By AVON WATERS
Two new bills regulating the sale of wine in Indiana may turn the Indiana wine industry into sour grapes.
If passed, winery industry officials estimate all but one of Indiana’s 34 wineries and tasting rooms in the state would eventually close.
The bills being considered by the Indiana Legislature will shut down Indiana wineries, said Tia Agnew, co-owner with husband Brett Canaday, of New Day Meadery in Elwood. The Meadery is scheduled to open in March.
“Our whole business plan is based on direct sales and sales to mom and pop retail stores and to local restaurants,” Agnew said. “The bills take two out of three avenues of sales away from us. We’re Indiana’s smallest winery. We are a boutique winery and it could put us out of business.”
House bills 1190 and 1250 address constitutional issues raised by a May 2005 United States Supreme Court ruling of a New York state liquor distribution law. The ruling brought the constitutionality of liquor distribution laws in Indiana and other states into question. House Bill 1190 was passed by the house this month and is now in committee for Senate approval.
Essentially the court ruled that all parties, whether in state or out of state, had to be treated the same when it came to shipping within, to and from states, or else it violated interstate commerce laws. Currently wineries can ship wine in and out of the state as customers visited tasting rooms while traveling through the state. The bills will eliminate direct shipments by wineries and provisions in the laws could close the tasting rooms too.
“We’re going to fight to keep our business,” Agnew said. “If the bills go through, I can’t sell directly to retailers.”
Under the new bill, New Day Meadery must require a customer taste the wine and agree to then pick it up at a liquor store. Agnew then would have to have a wholesaler pick up a bottle or case at her store, take it to a warehouse, re-price it and then ship it to a liquor store close to the customer. The liquor store owner would then call the customer and give them five days to pick it up.
“That’s a big burden and process to overcome customer objections to the process,” she said. “It creates a nearly impossible burden to overcome.”
That won’t work for small Indiana Wineries, said Lundstrom, owner Anderson’s Orchard and Winery, Valparaiso. There’s nothing that requires wholesalers to work with small wineries. With limited storage space, most distributors don’t want to deal with small quantities of wine that Indiana wineries produce.
“I’ve already approached all three major wholesalers in the state, and I’ve been turned down,” Lundstrom said. “They are not interested in the one or two customers that want my wine.”
He said that distributors want to deal with large wineries like Ernest and Julio Gallo of California. They produce, under different names or labels, about 80 percent of what is found in a wine aisle at a grocery store or in a wine shop.
“You total up all production of the wineries in the state of Indiana, and it’s less than one day’s production for Julio Gallo.
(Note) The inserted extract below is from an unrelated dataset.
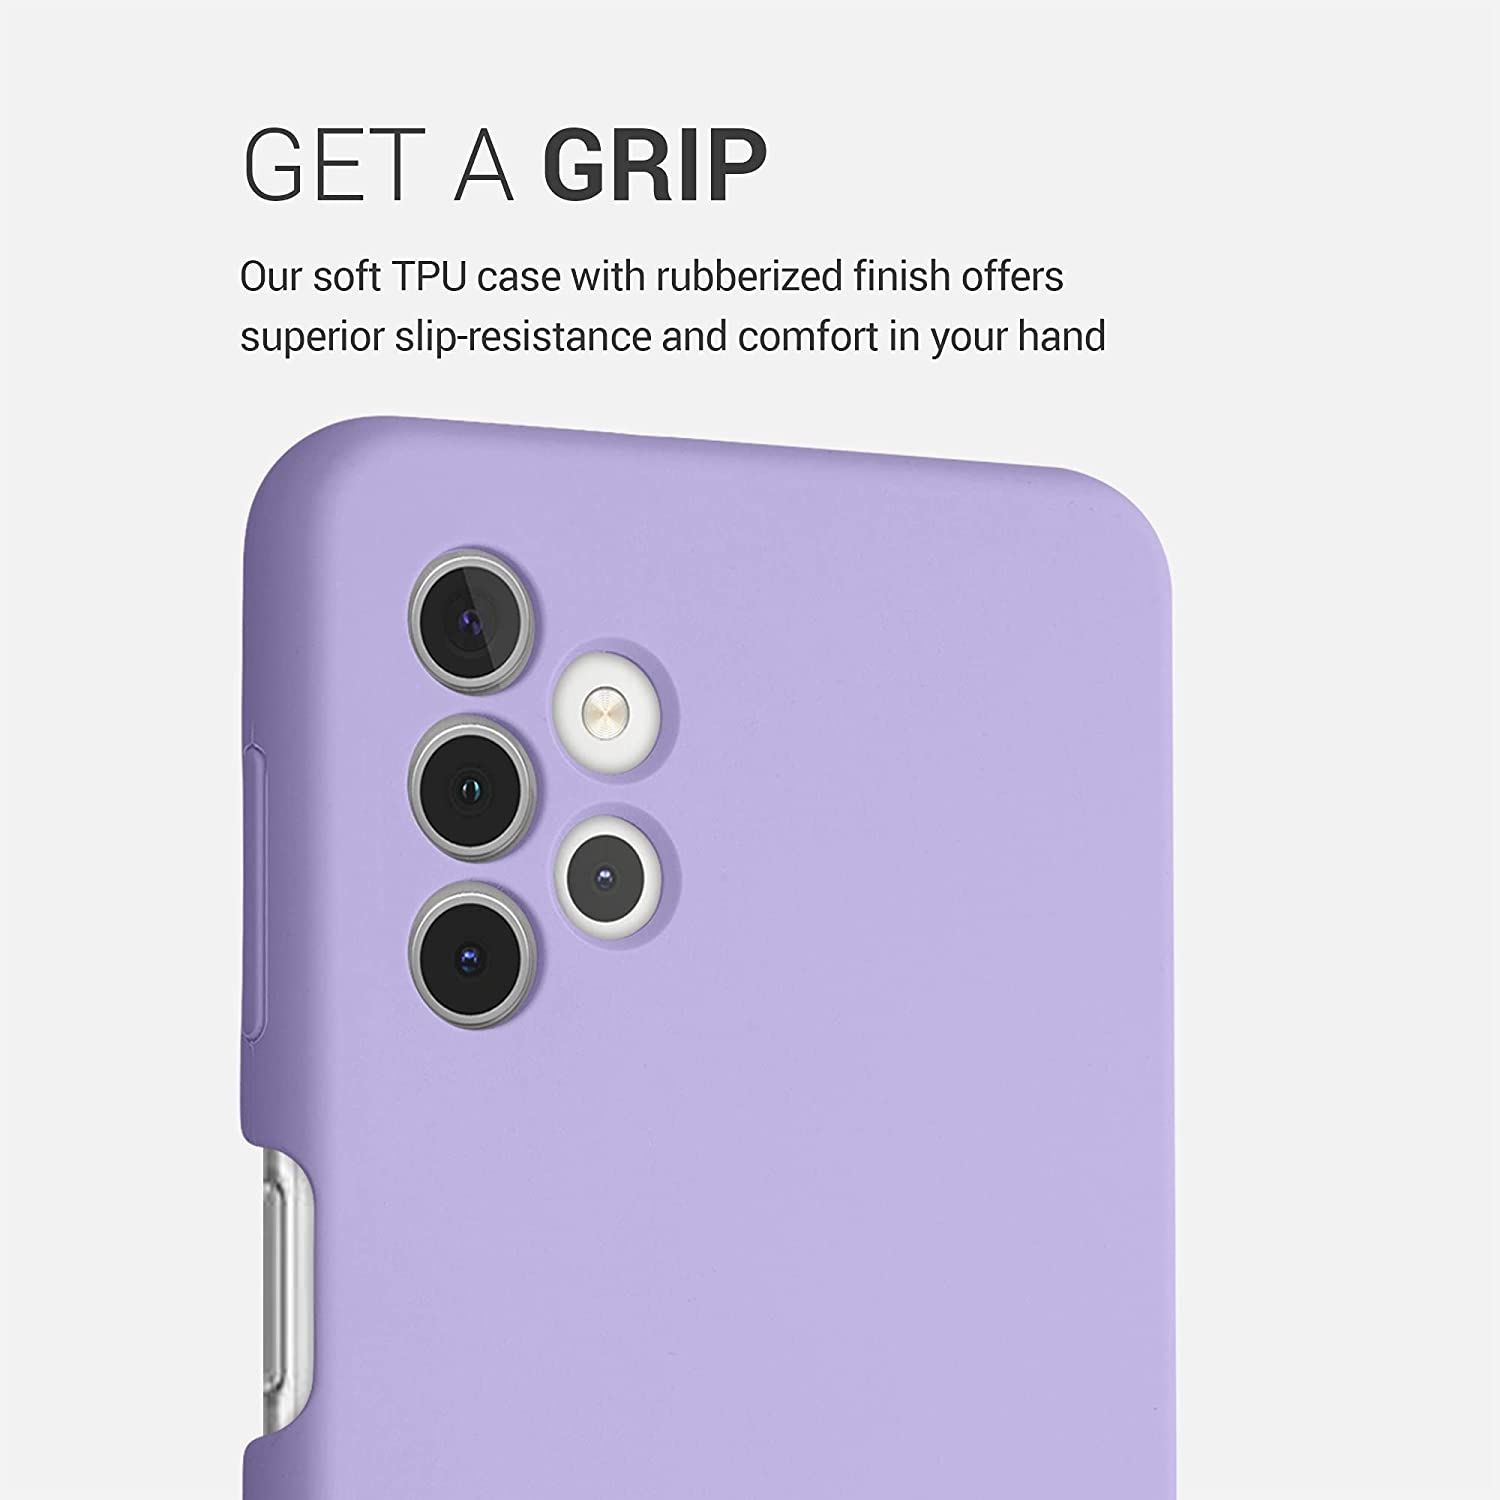 kw-mobile-thiki-silikonis-samsung-galaxy-a32-5g-soft-flexible-rubber-cover-violet-purple-2.jpg

One day,” Lundstrom said. “Ernest and Julio Gallo are the largest lobbyists for distributors in Indiana.”
According to www.followthemoney.org, beer, wine and liquor interests, most of them wholesalers, paid $820,000 in 2004 to political campaigns in Indiana.
Bill Oliver, owner of Oliver Winery, Bloomington, said Indiana Wineries are a growth industry. They add value to Indiana agriculture products. Wines made from apples, fruits, berries and grapes add tremendous value to the raw products produced in Indiana.
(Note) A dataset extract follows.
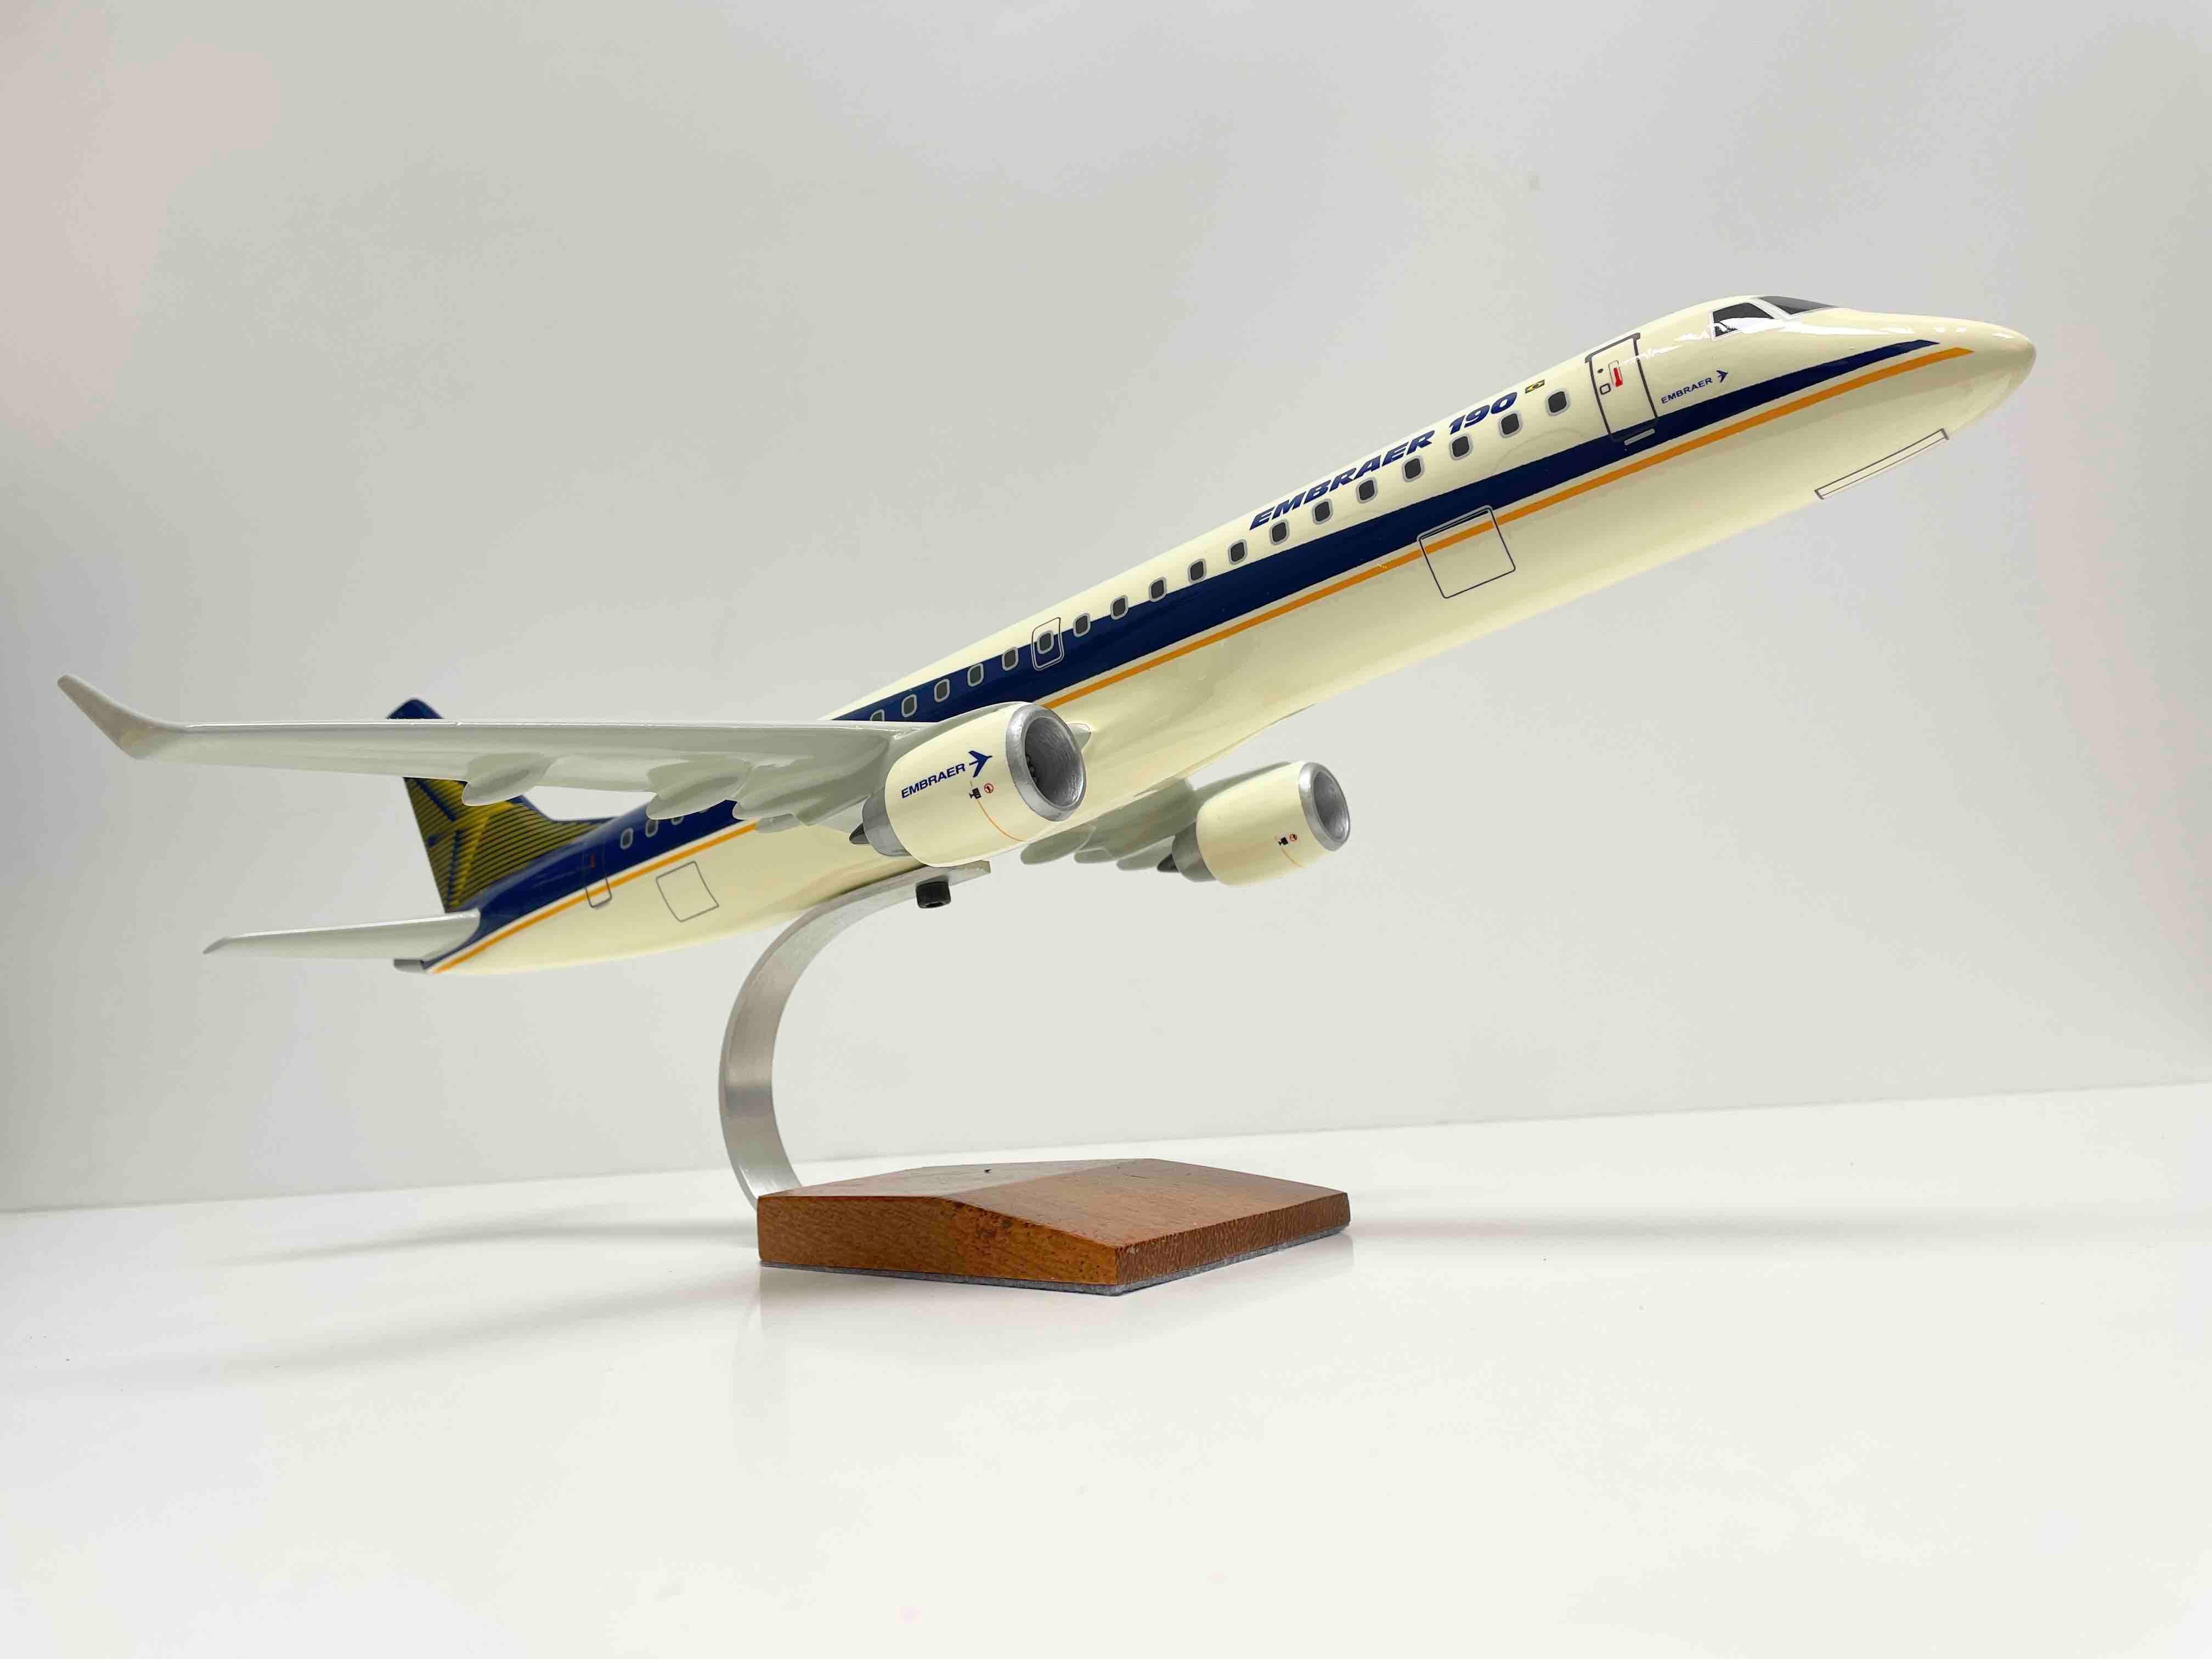 Brazilian Embraer 190 Jet Airplane Aircraft Model Brazil For Sale

“1190 is a disaster for us,” he said. “It eliminates selling to consumers and to stores. Some wineries count on that and count on 50 percent of that for their sales.”
With a growth rate of 15 percent for gallons sold annually, Indiana wineries continue to be a growth industry, according to the Indiana Wine Grape Council data. The bills presented also contain a provision that if anyone challenged the new bill in court, then it becomes more constrictive by disallowing direct sales through tasting rooms.
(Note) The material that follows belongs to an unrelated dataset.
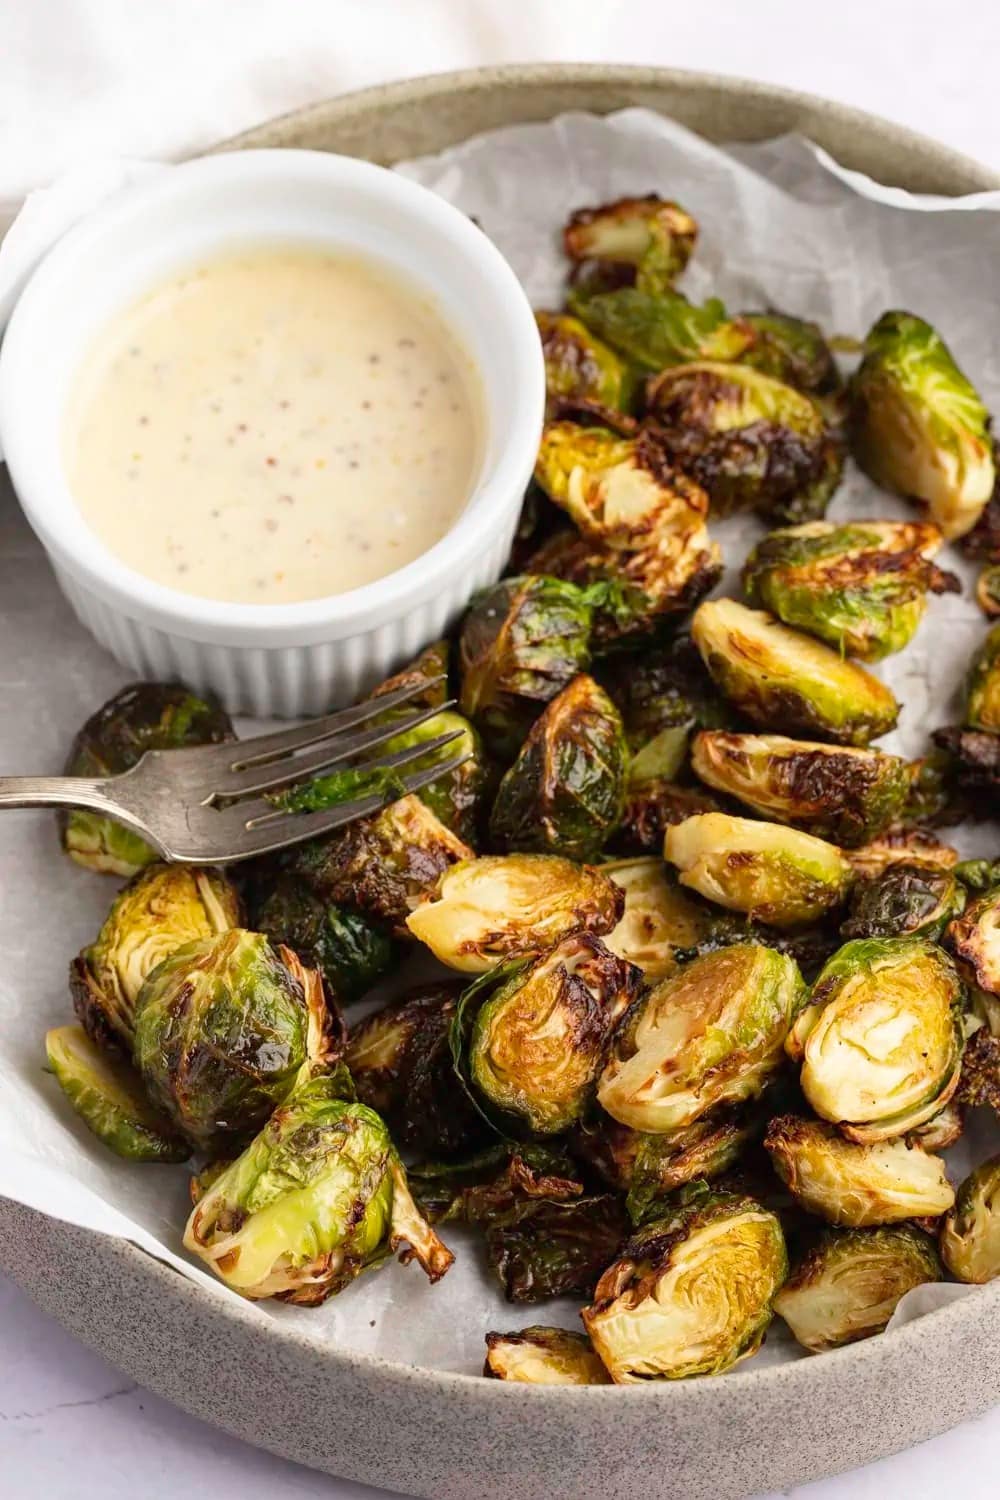 Platter of Roasted Brussels Sprouts with bowl of dipping sauce

“If we lose our tasting rooms, there’s only one winery that will survive — that’s us,” said Oliver on a break from meetings with legislators Wednesday. “We had lengthy negotiations with wholesalers, but what came out of it was a bill that was almost wholesaler crafted. We feel we got duped.”
Most winery owners feel they are going to lose their business investments, said Agnew of New Day Meadery. This dampens the excitement of looking forward to opening a new business in Elwood.
She said, “There’s new wineries that want to get started but now they are holding off because of this. And those that are opened and thinking of expanding, they are on hold too.”